The first object is achieved by a cylinder head with an at least partially integrated in the cylinder head coolant jacket for an internal combustion engine with at least two cylinders, in which

• each cylinder has at least two exhaust ports for exhausting the exhaust gases from the cylinder,
• adjoining each outlet opening an exhaust pipe,
• first, connect the exhaust pipes of the at least two exhaust ports of each cylinder to a partial exhaust line associated with the cylinder, before these partial exhaust lines of the at least two cylinders merge to form the exhaust line, forming an exhaust manifold within the cylinder head;

and which is characterized in that

• a line is provided for the return of exhaust gas in the cylinder head, which branches off from the exhaust manifold integrated in the cylinder head and with which at least a portion of the exhaust gas discharged from the cylinders is removable from the exhaust manifold inside the cylinder head, wherein
• the line for returning exhaust gas branches off from a partial exhaust gas line and exits from the cylinder head.

The simultaneous combined integration of the exhaust manifold and the return line in the cylinder head leads to synergy effects in an advantageous manner.

The cylinder head according to the invention has - in contrast to that in the GB 2 370 073 A described cylinder head - via a fully integrated in the cylinder head exhaust manifold, which is why the distances of the individual exhaust pipes are comparatively short up to the total exhaust gas line. Due to the shorter flow paths, the return line for the individual partial exhaust gas streams of all cylinders or outlet openings is comparatively easily accessible. This advantageously leads to the fact that the return line diverging from the partial exhaust line of a single cylinder can be acted upon or acted upon by the exhaust gas of all the cylinders of the internal combustion engine.

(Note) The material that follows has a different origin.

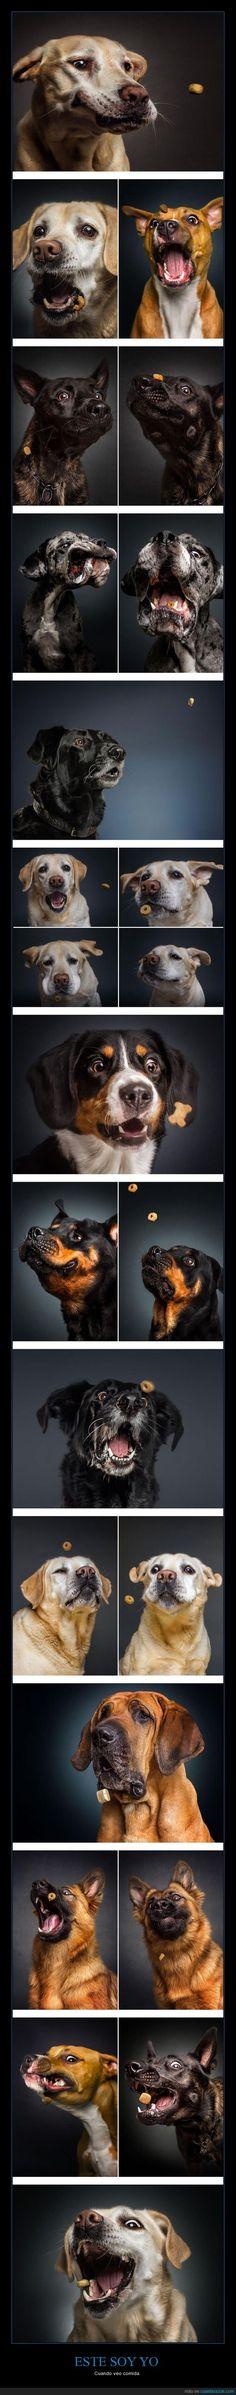 Fotógrafo captura las graciosas caras de perros cogiendo comida del aire - Cuando veo comida   Gracias a http://www.cuantarazon.com/   Si quieres leer la noticia completa visita: http://www.estoy-aburrido.com/fotografo-captura-las-graciosas-caras-de-perros-cogiendo-comida-del-aire-cuando-veo-comida/

The cylinder head according to the invention differs from concepts in which the cylinder head has an only partially integrated manifold, and also of concepts in which the return line branches off from the entire exhaust line or an exhaust pipe of a single outlet opening.

In the latter variant, a much more pronounced backflow of the exhaust components discharged from the other outlet openings would be required, but this does not occur in practice in this way or can not be realized, so that high return rates could not be realized with such a concept. In addition, a strong pulsation in the return line would be observed, since the return line would be acted upon substantially only with the exhaust gas of a single outlet opening.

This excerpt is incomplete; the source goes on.